Supplied data:
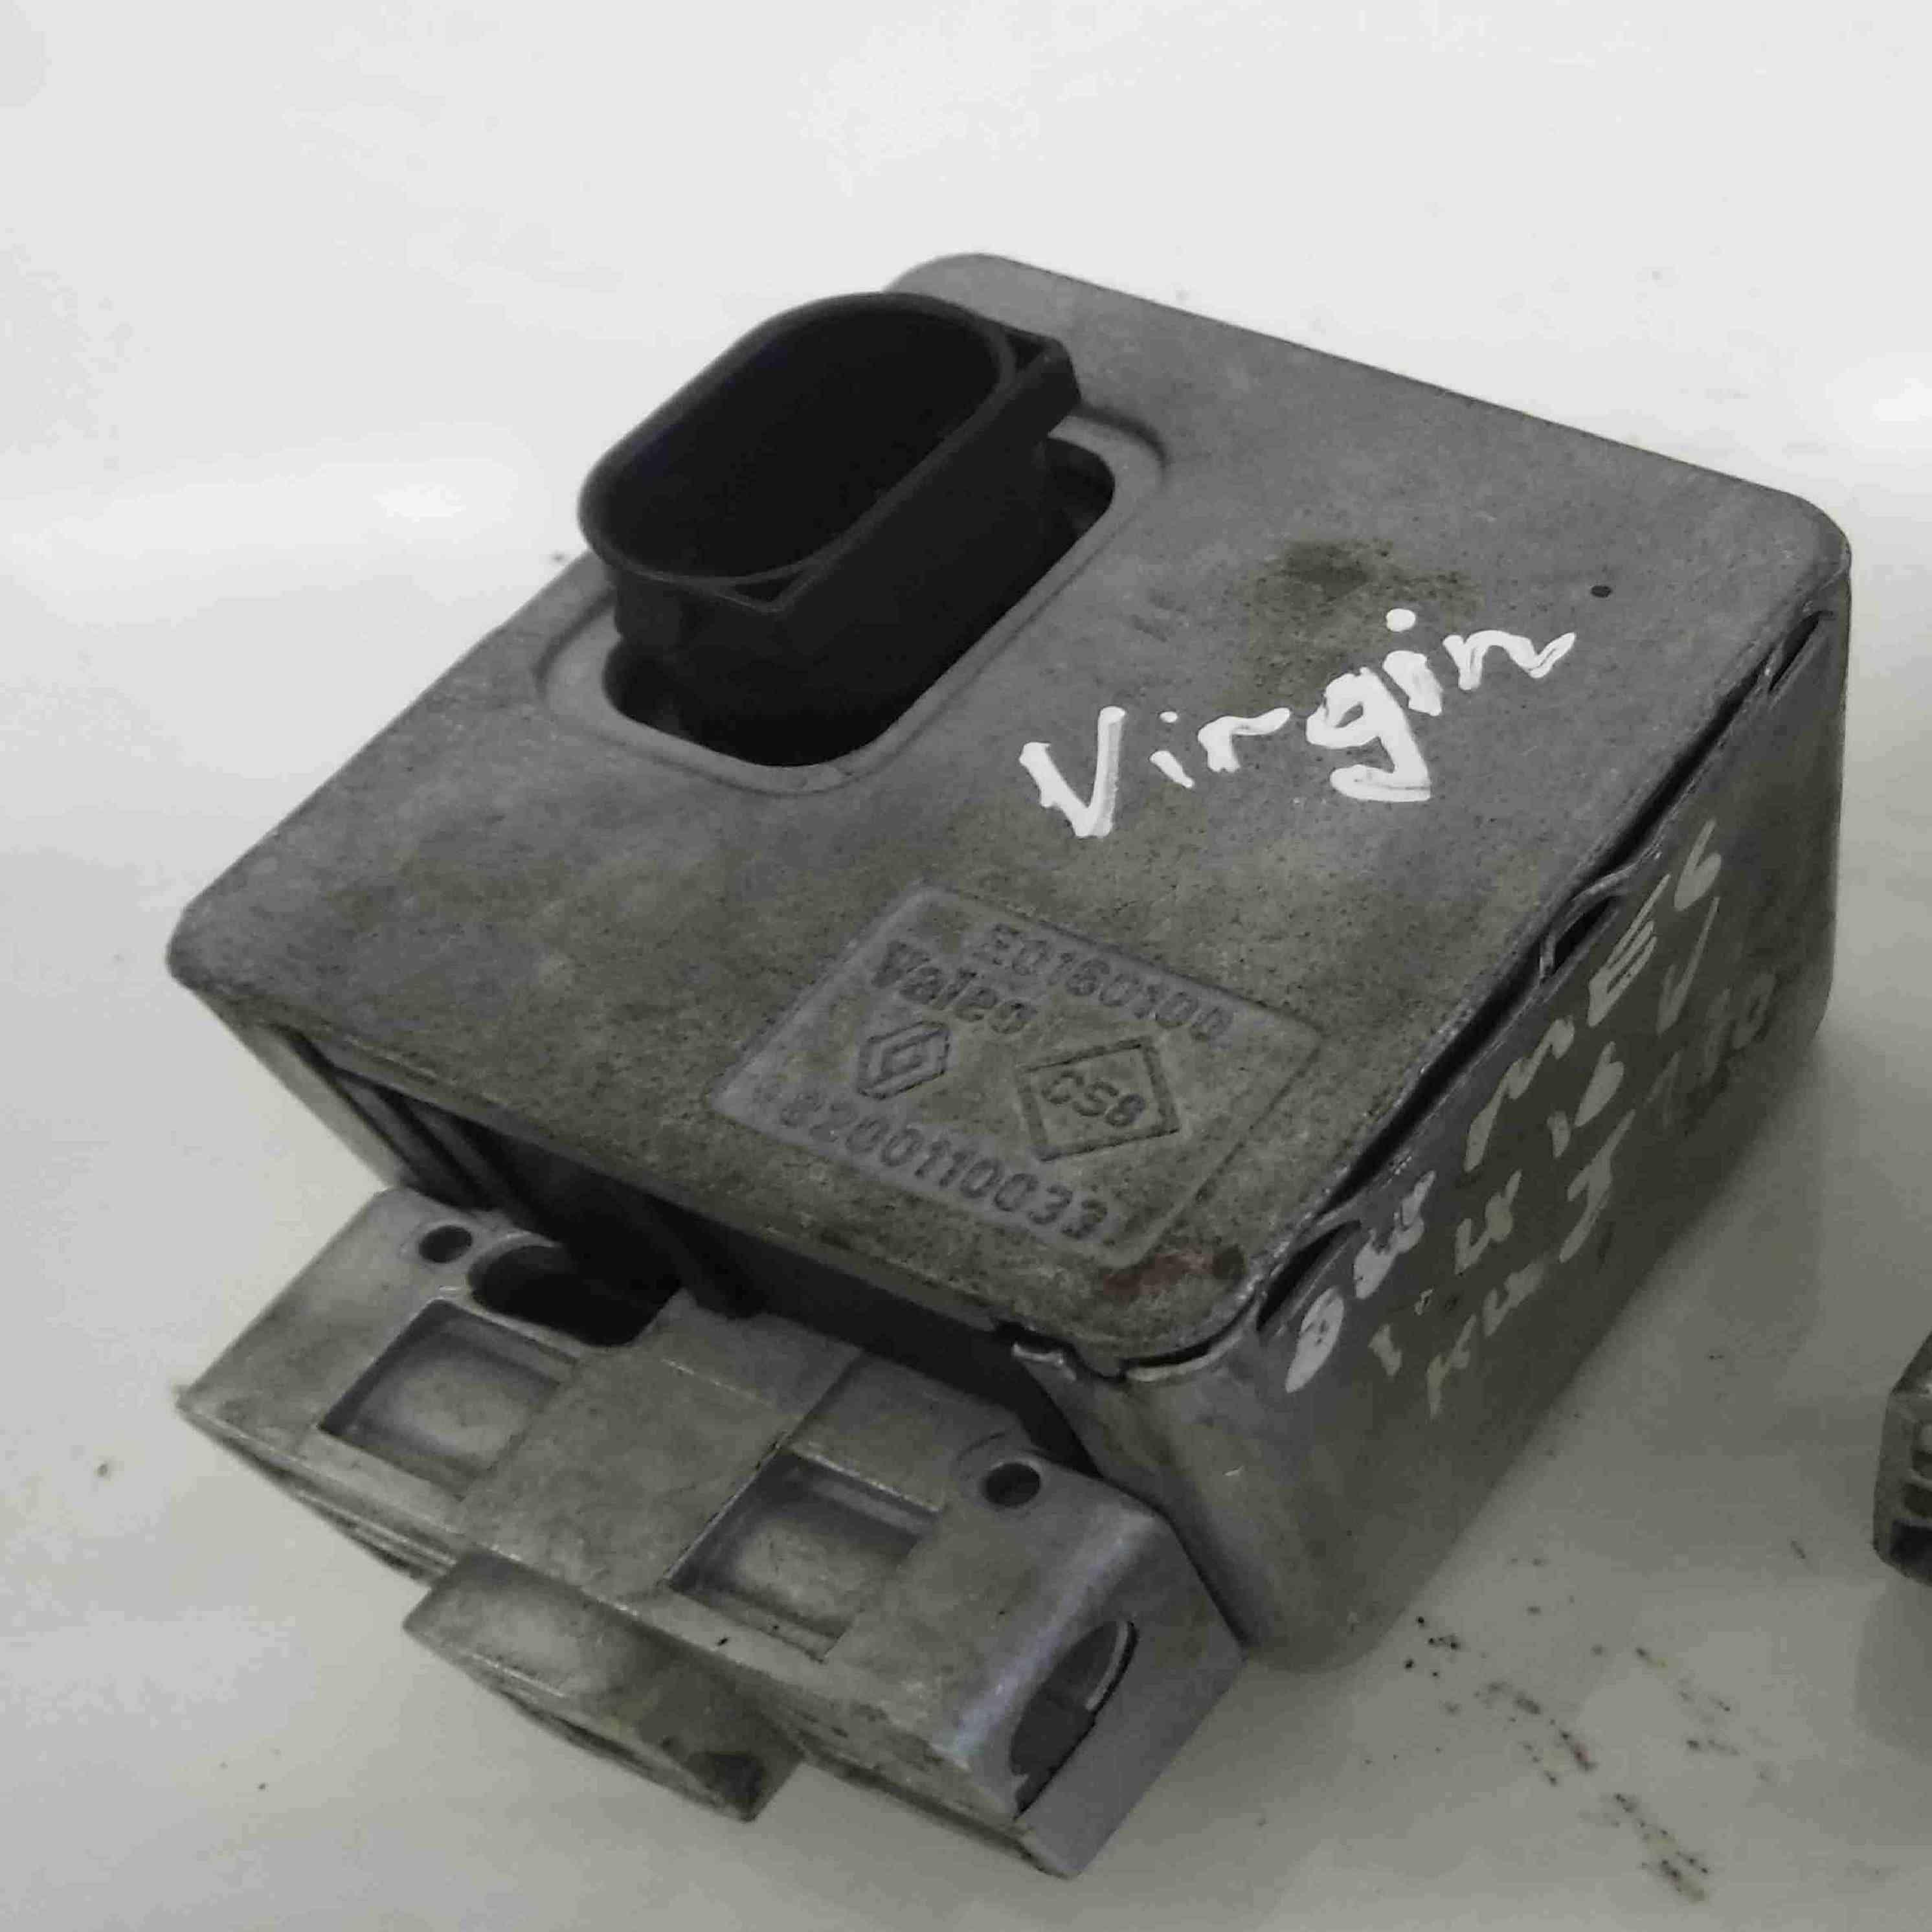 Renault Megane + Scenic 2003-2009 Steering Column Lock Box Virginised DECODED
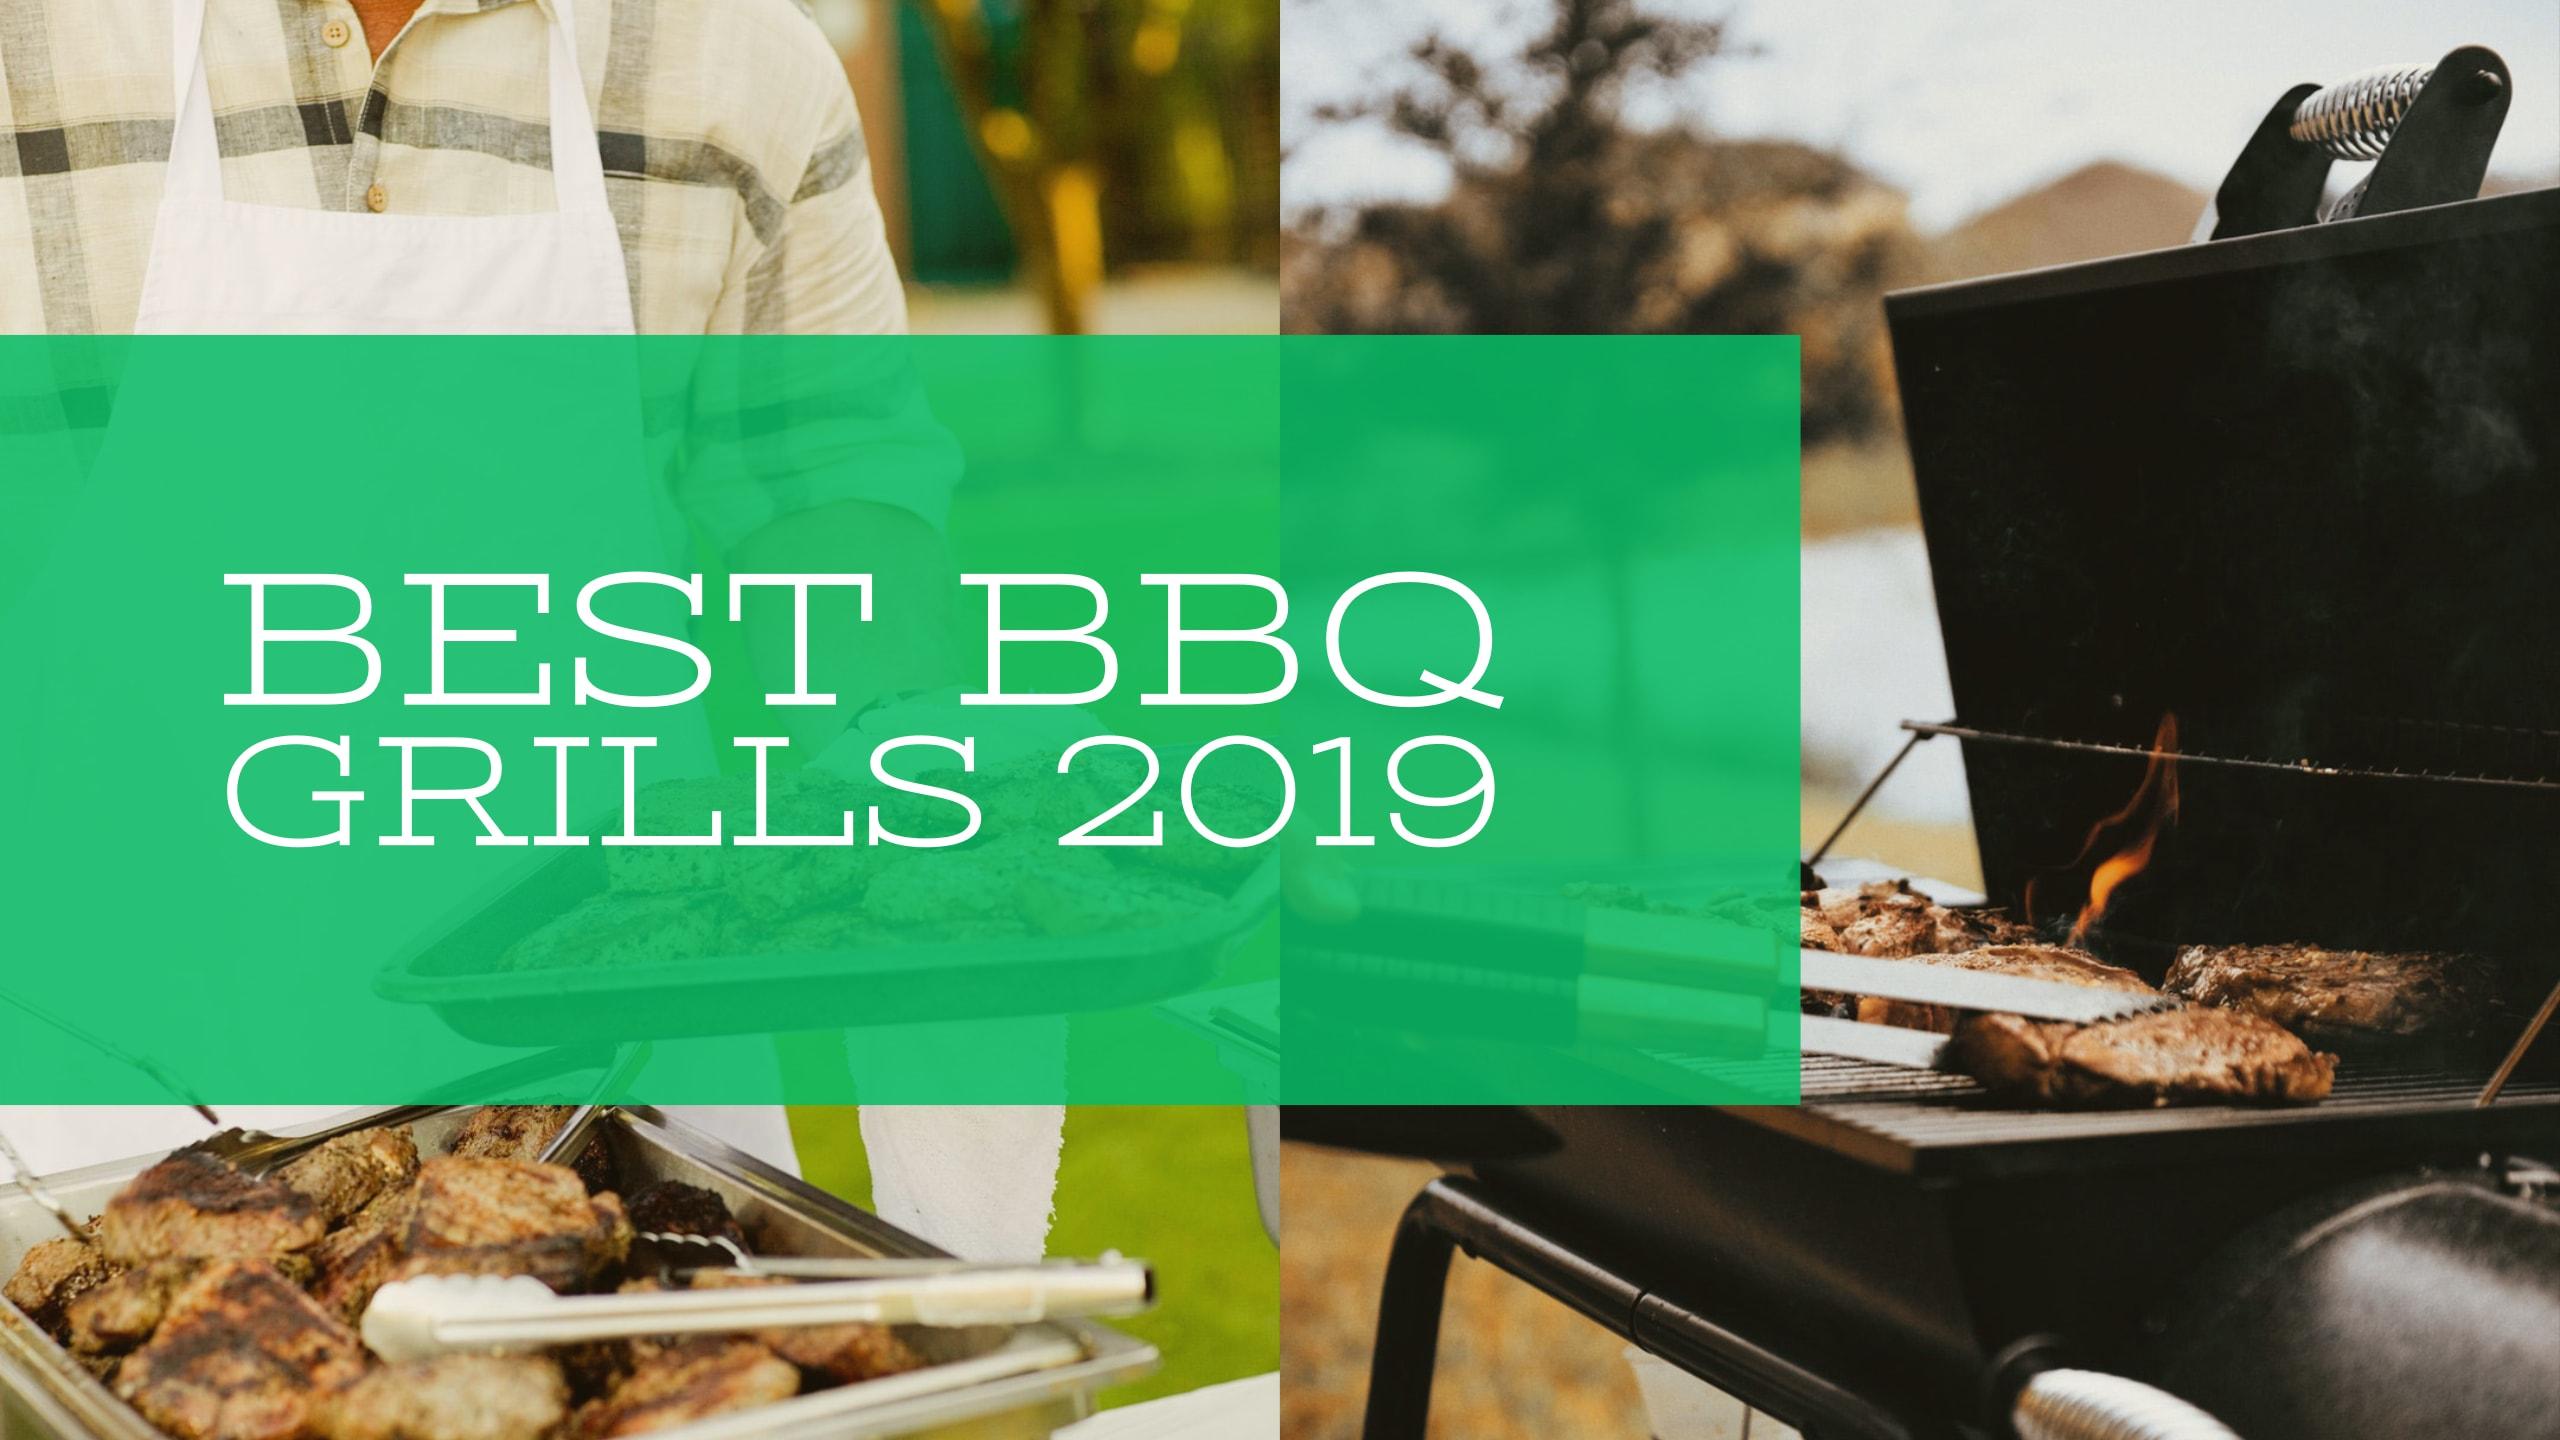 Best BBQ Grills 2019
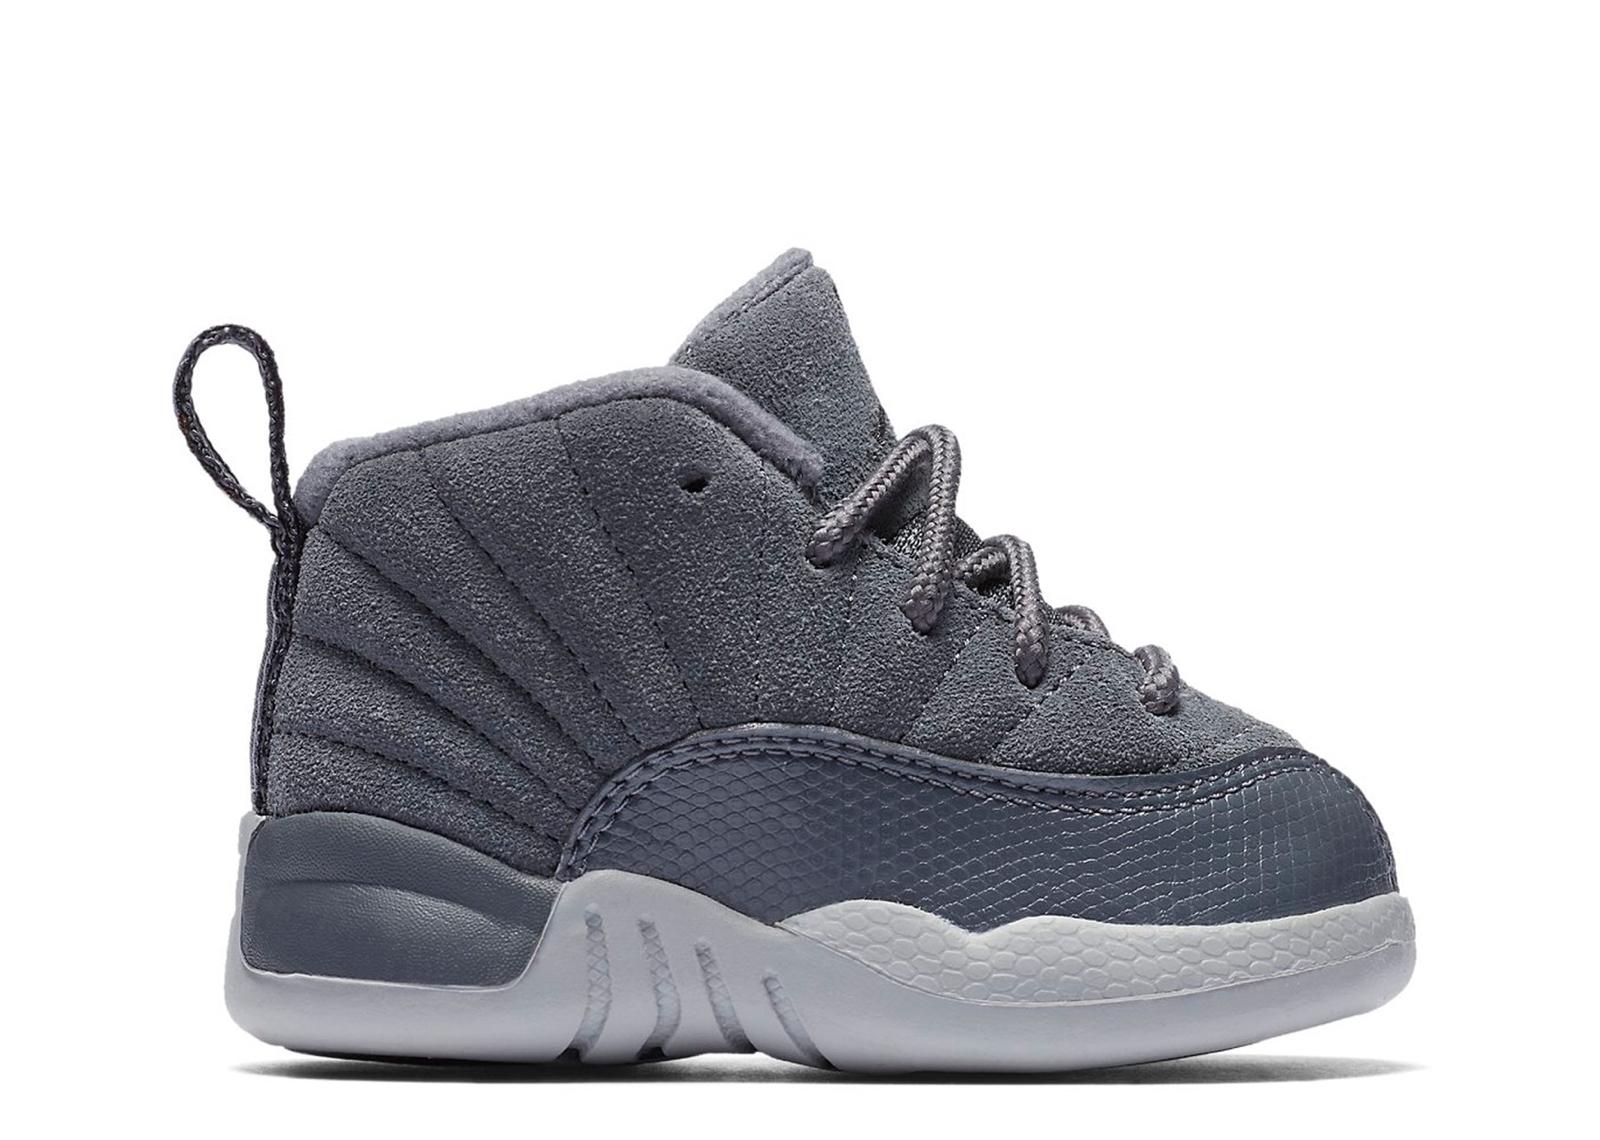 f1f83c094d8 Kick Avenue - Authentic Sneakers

Exercise brief:
What is needed here is each line above set down word for word, minus the images.

Solution for this task:
 Renault Megane + Scenic 2003-2009 Steering Column Lock Box Virginised DECODED
 Best BBQ Grills 2019
 f1f83c094d8 Kick Avenue - Authentic Sneakers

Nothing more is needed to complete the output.